1. Why is there a red-black tree?

2. What is a "balanced binary search tree"?

3. Definition of red-black tree

4. Why is it said that the red-black tree is "approximately balanced"?

5. Why does the red-black tree have good overall performance?

Sixth, realize the red-black tree

1. Balance adjustment of insertion operation

2. Balance adjustment of delete operation 

1. Preliminary adjustments for deleting nodes

2. Make secondary adjustments to focus nodes

3. Summary 

6. Application scenarios of red-black tree

The scene where the red-black tree has landed

 

1. Why is there a red-black tree?

Binary search tree is the most commonly used binary tree. It supports fast insertion, deletion, and search operations. The time complexity of each operation is proportional to the height of the tree. Ideally, the time complexity is O(logn).

However, why do we need to introduce a red-black tree when we already have a binary search tree with good performance?

That is because, in the process of frequent dynamic update of the binary search tree, the height of the tree may be much larger than log2n, which leads to a decrease in the efficiency of each operation. In extreme cases, the binary tree will degenerate into a linked list, and the time complexity will degenerate to O(n).

Moreover, we hope that the structure of the tree is associative, that is, between adjacent versions, such as the first insertion, and the second insertion, the structure of the tree cannot change too much, and it should be possible to pass O(1) times. Can vary finish. For an AVL tree, insertion satisfies this condition, but deletion does not.

To solve these two problems, we need to design a balanced binary search tree, which is the red-black tree we will talk about today.

2. What is a "balanced binary search tree"?

The strict definition of a balanced binary tree is this: the height difference between the left and right subtrees of any node in the binary tree cannot be greater than 1. From this definition, the complete binary tree and full binary tree we talked about in the previous section are actually balanced binary trees, but incomplete binary trees may also be balanced binary trees.

86a6df5169684f77a26a4b16f3ad083b.png

A balanced binary search tree not only satisfies the above definition of a balanced binary search tree, but also satisfies the characteristics of a binary search tree. The first balanced binary search tree invented is the AVL tree, which strictly conforms to the definition of a balanced binary search tree I just mentioned, that is, the difference between the heights of the left and right subtrees of any node does not exceed 1, and it is a highly balanced binary tree. Fork search tree.

However, many balanced binary search trees do not strictly conform to the above definition (the difference between the heights of the left and right subtrees of any node in the tree cannot be greater than 1), such as the red-black tree we will talk about below, from the root node to each leaf The longest path to a node may be twice as large as the shortest path.

We learn data structures and algorithms in order to apply them to actual development, so I don't think it is necessary to define them. Regarding the concept of a balanced binary search tree, I think we need to understand the meaning of "balance" from the origin of this data structure.

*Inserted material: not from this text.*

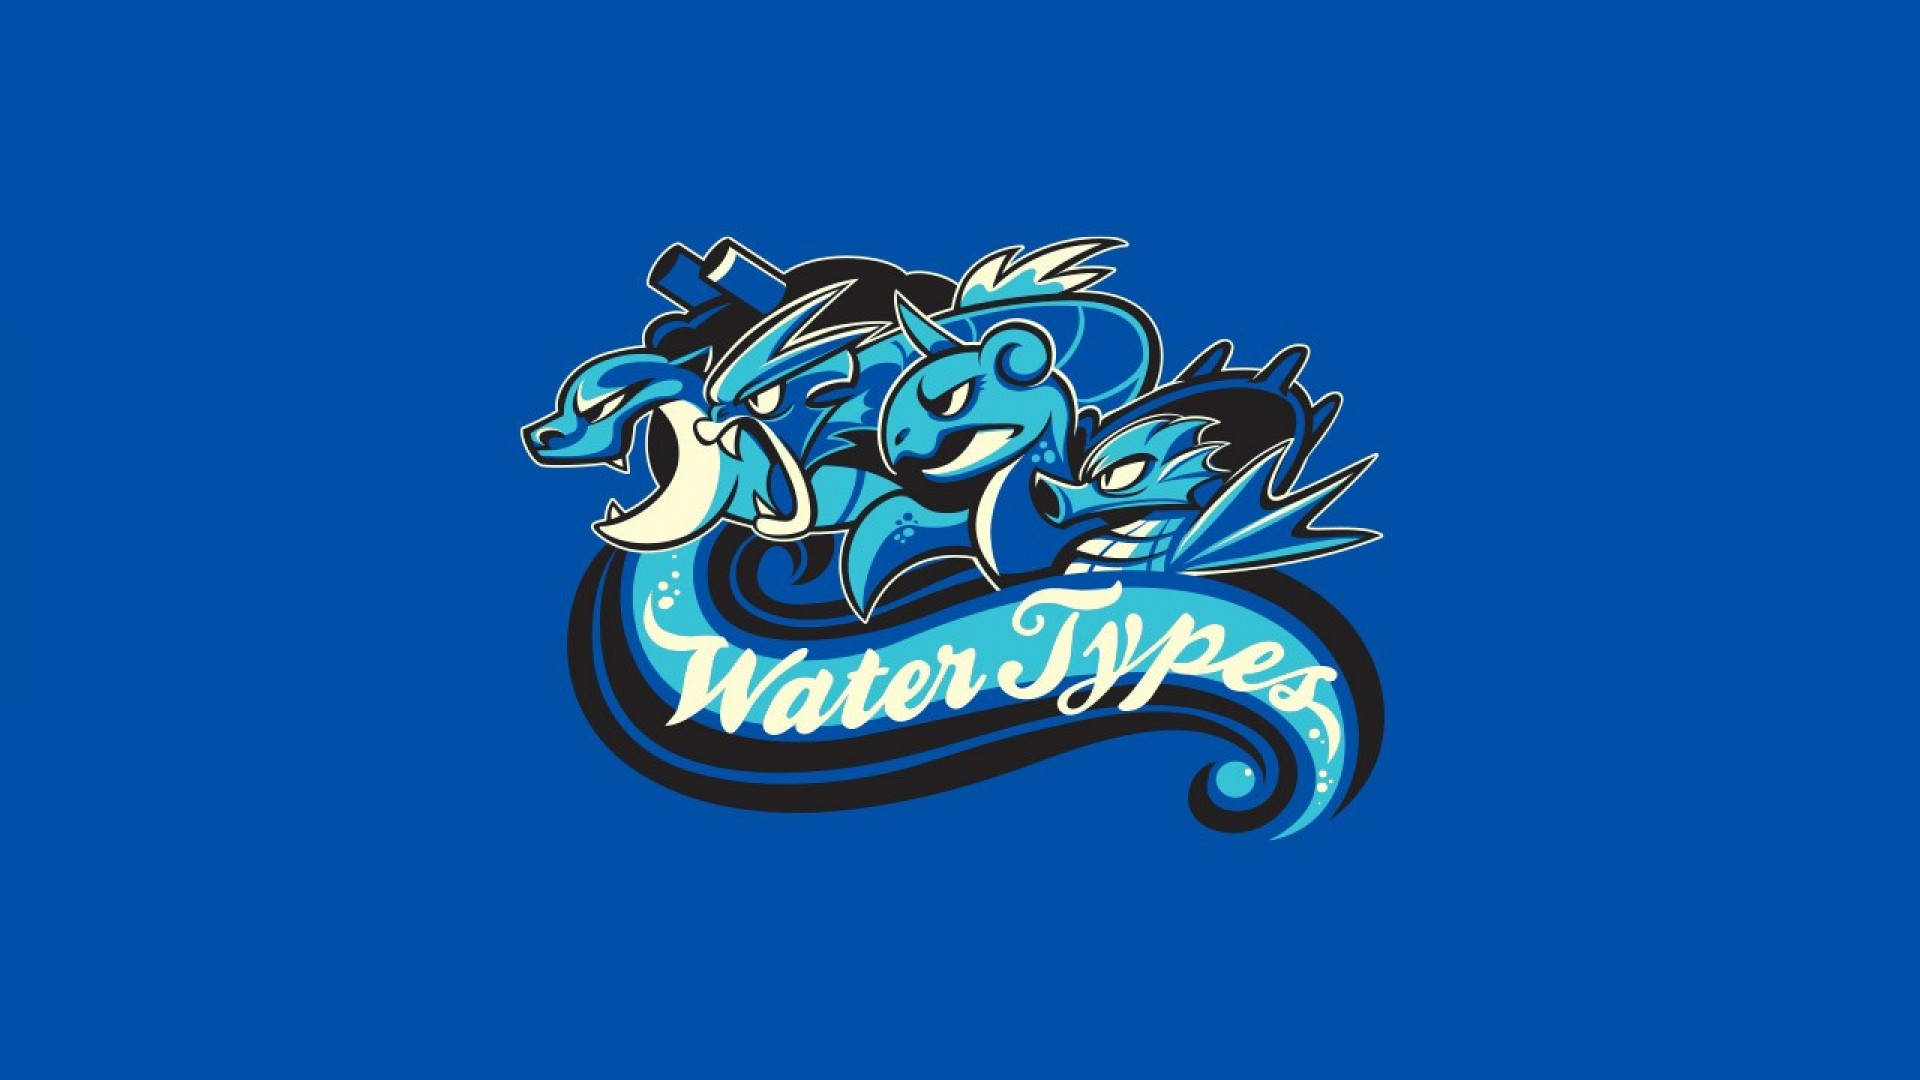 A Gyarados Bravley Swimming Through An Ocean Of Water Type Pokemon

The original intention of inventing a data structure such as a balanced binary search tree is to solve the problem of time complexity degradation of ordinary binary search trees in the case of frequent insertions, deletions, and other dynamic updates.

Therefore, the meaning of "balance" in a balanced binary search tree is to make the whole tree look more "symmetrical" and "balanced" from left to right, so that the left subtree is not tall and the right subtree is very short. In this way, the height of the whole tree can be relatively lower, and the corresponding operations such as insertion, deletion, and search can be more efficient.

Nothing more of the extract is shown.